Again, the point is worth noting on its own merits, and doubly so for appearing in a publication not conspicuous in days of yore for conceding that there might be a massive state-funded bias toward alarmist pseudo-science.

5 comments on “Sauve qui peut... uh, where'd everyone go?”

  1. Pseudo-science alright.And when your city spends millions on a "climate emergency" like mine has,we would like to know exactly how WE benefitted?Did the temperature go down a tenth of a degree last summer here?And if so,can you prove these costly measures are to credit.Unlike say fortifying flood abatement measures like upgraded dikes which protect us when it rains too much.

  2. Lets keep up the pressure! Everyone is moving on except for those who long for the good old days of taxpayer funded profligacy!
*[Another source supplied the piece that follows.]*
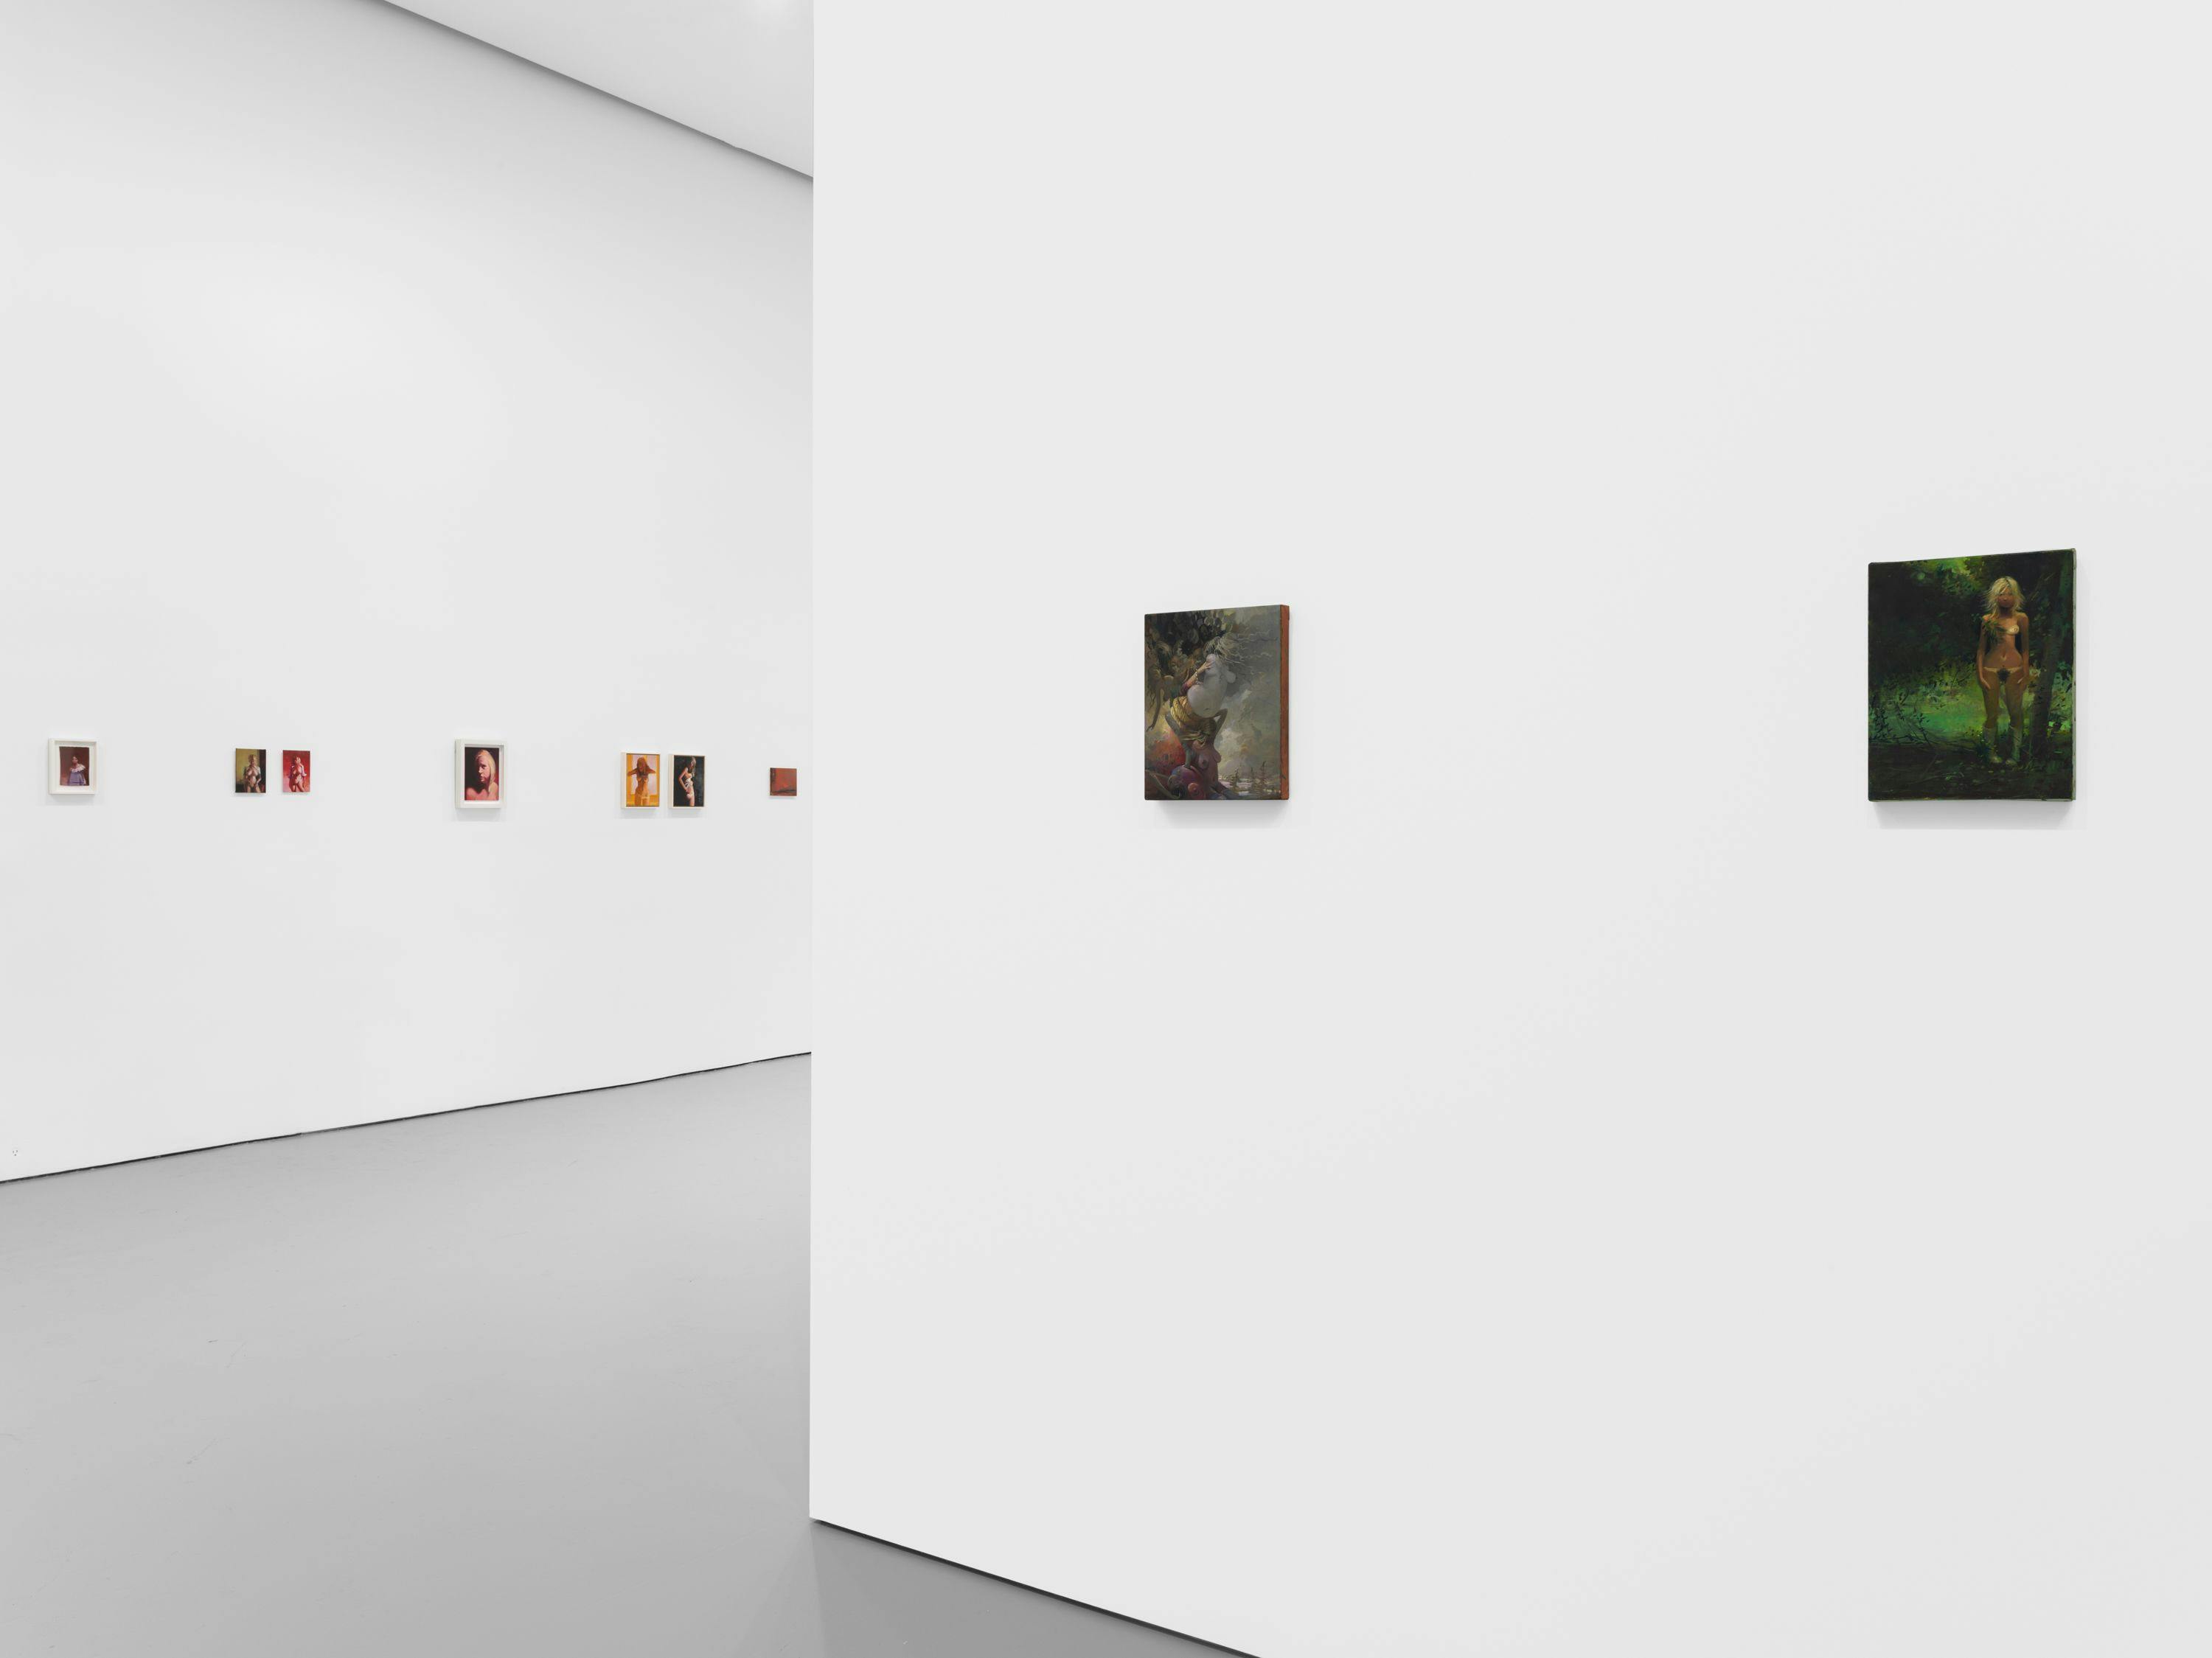 Installation view of the exhibition, Lisa Yuskavage: Babie Brood: Small Paintings 1985 - 2018, at David Zwirner in New York, dated 2018.

  3. Here in Ontario we are having the coldest, snowiest January for many a long year. But nobody announces "this is what climate change looks like" - oh no, it's just weather. But come July and we have an exceptionally warm month the usual suspects would be lining up to announce that this isn't just weather, it's climate change - or as I would call it, self delusion.

  4. "You can fool all of the people some of the time...." . And so on.
    I suggest we are in the "...all of the people all of the time" bit.

  5. Until the media stop blaming and framing people for not believing their fantasy, such as "Populist groups are pushing back against environmental initiatives, spurred on in part by Donald Trump’s anti-green agenda,..." we're not out of the woods yet. Also, Carbon taxes and other idiotic climate regulations are not going to go away soon (at least not for us in Europe). There's too much money (and corruption) in the leviathan that is the climate industry to just pull the plug.